#### [The problem]
From the first line to the last, repeat the data exactly but leave out the pictures.

#### [Raw data]
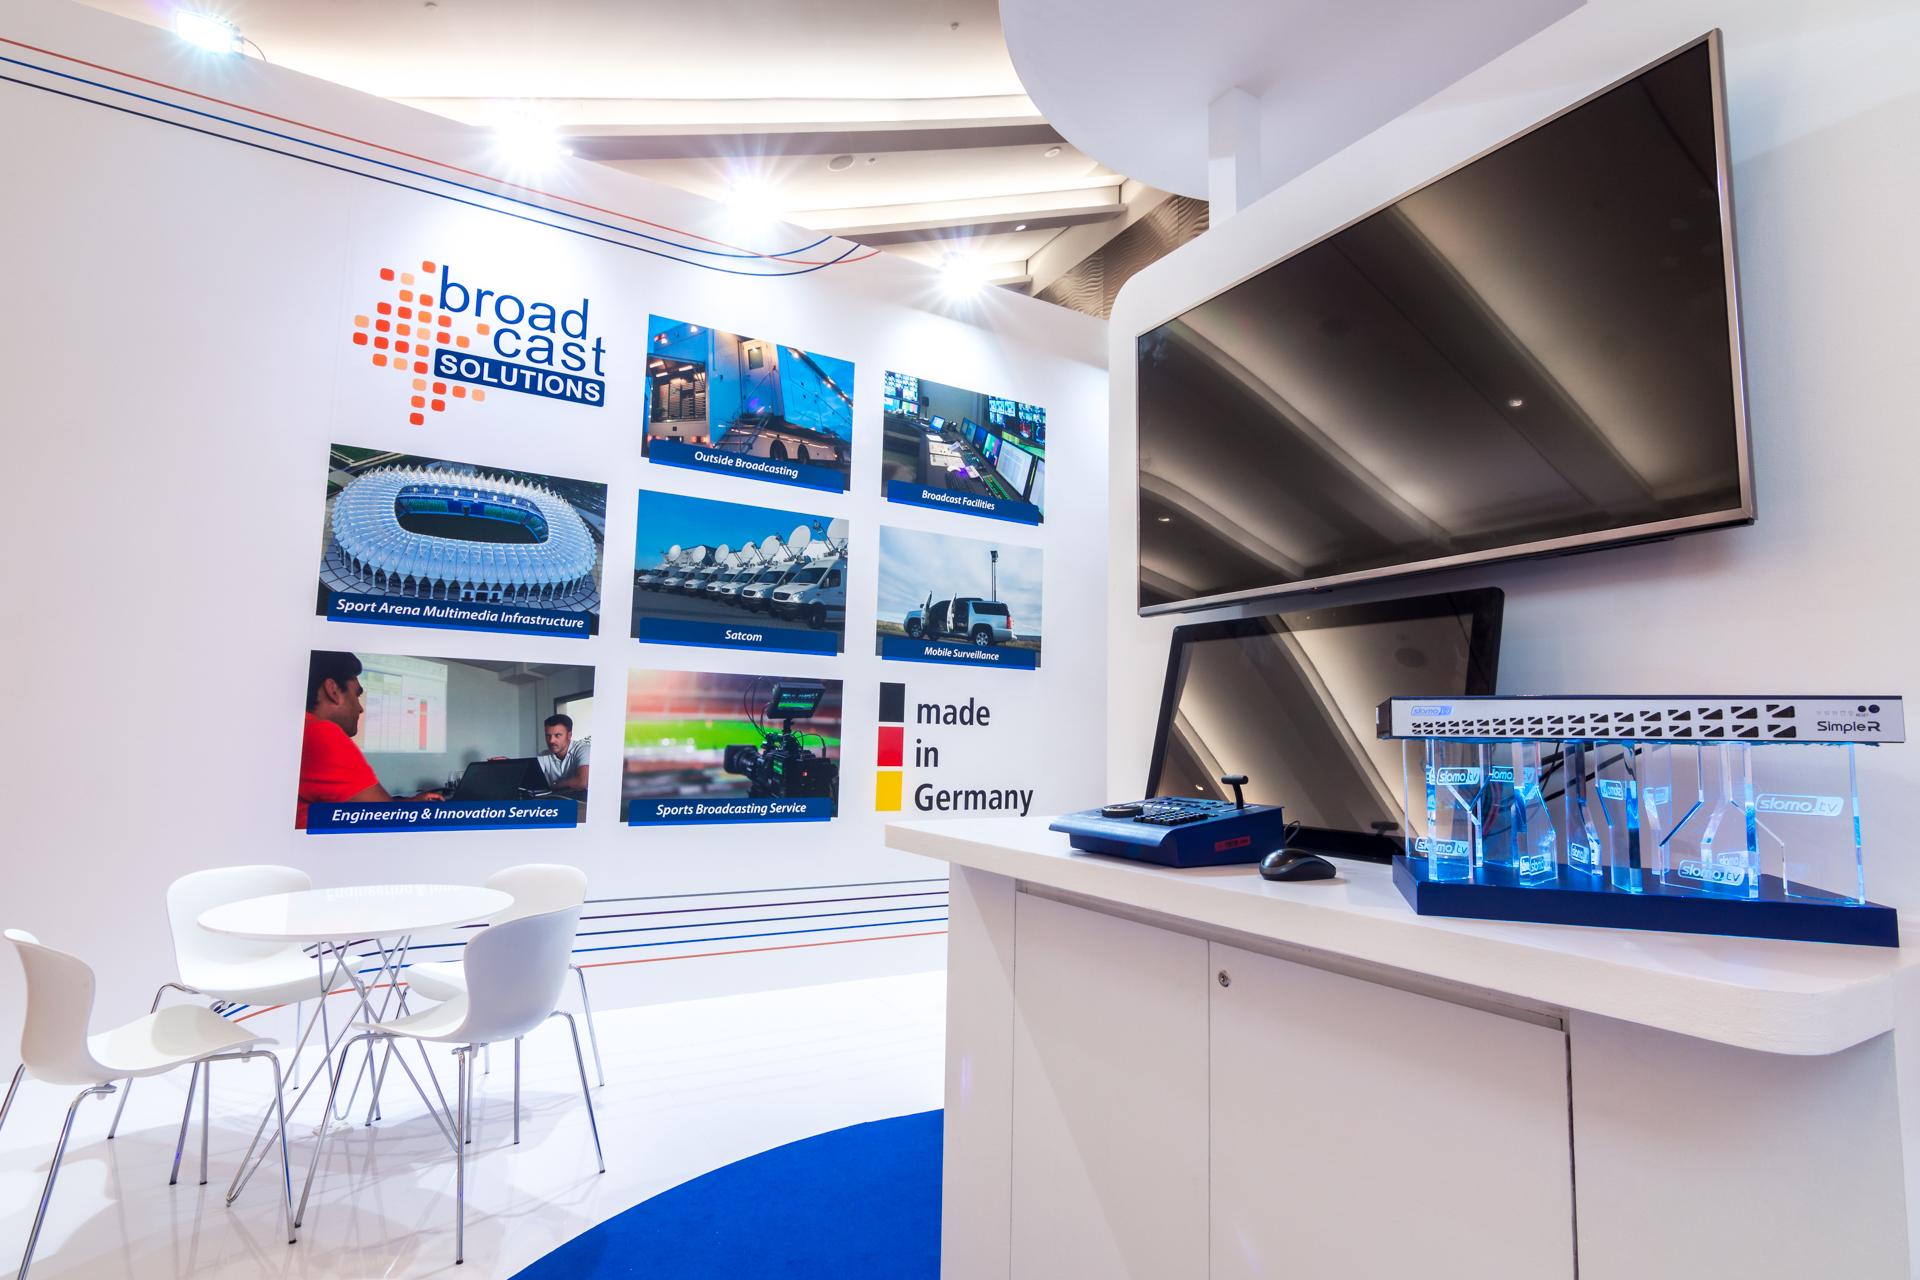 Exhibition booth design Communicasia Singapore
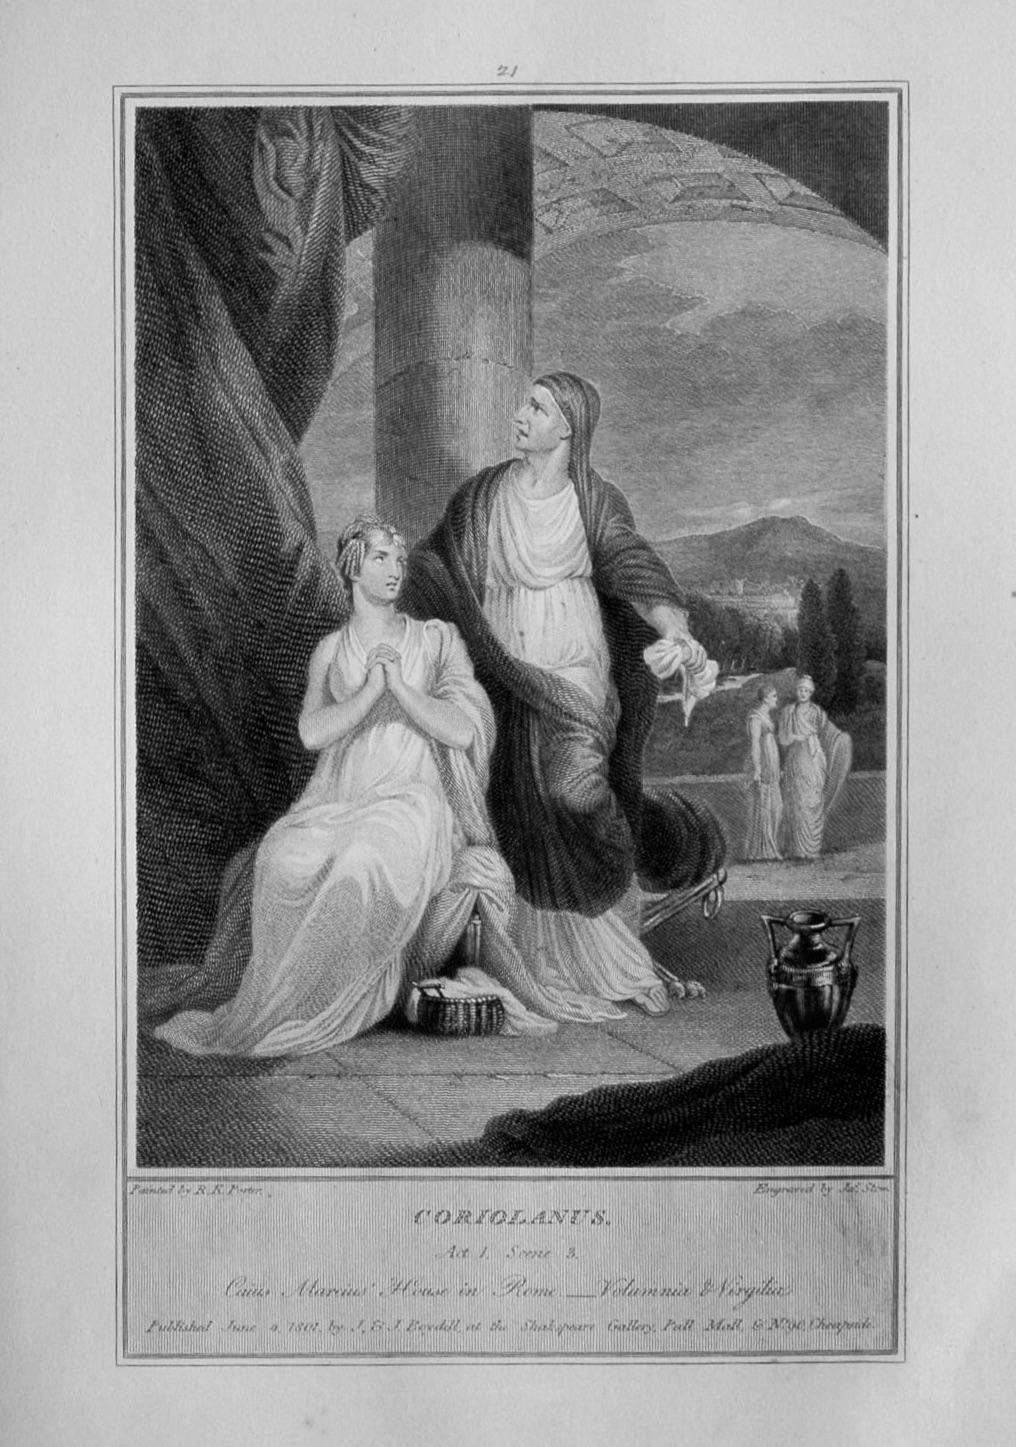 Coriolanus.
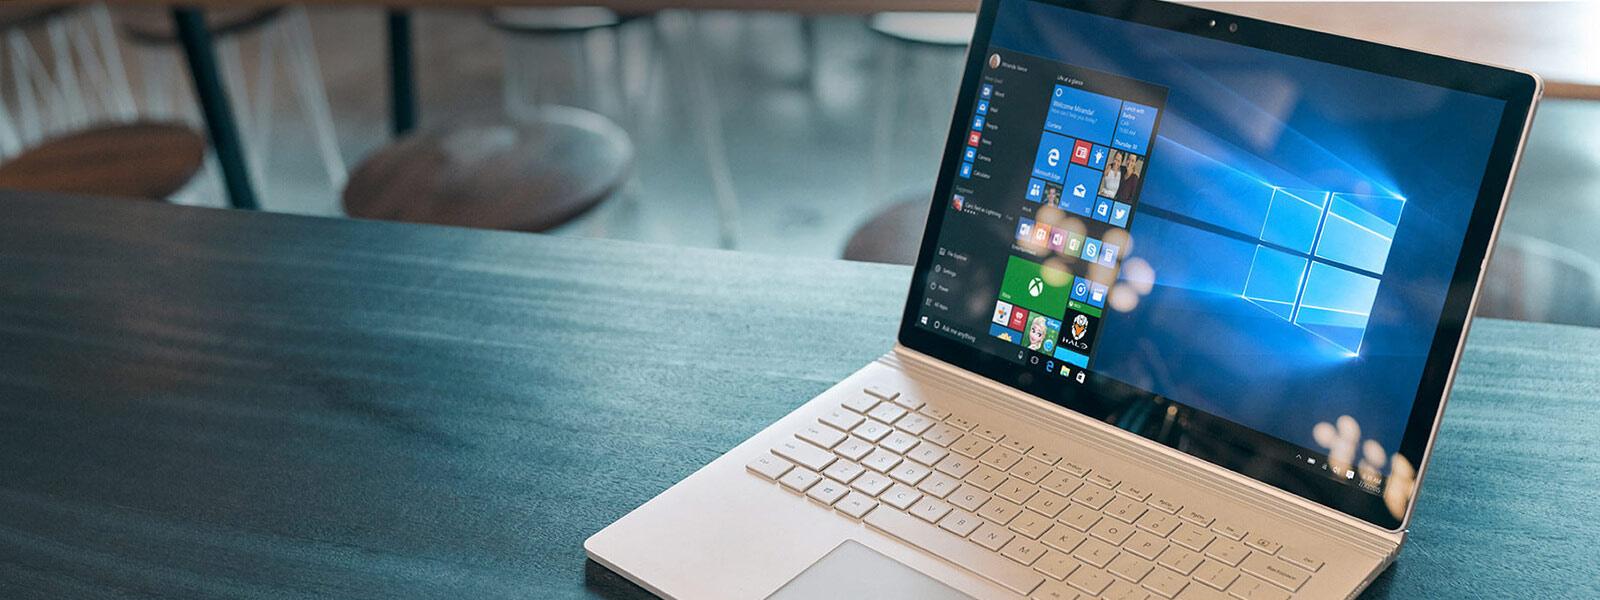 Windows 10 device.

#### [Output]
 Exhibition booth design Communicasia Singapore
 Coriolanus.
 Windows 10 device.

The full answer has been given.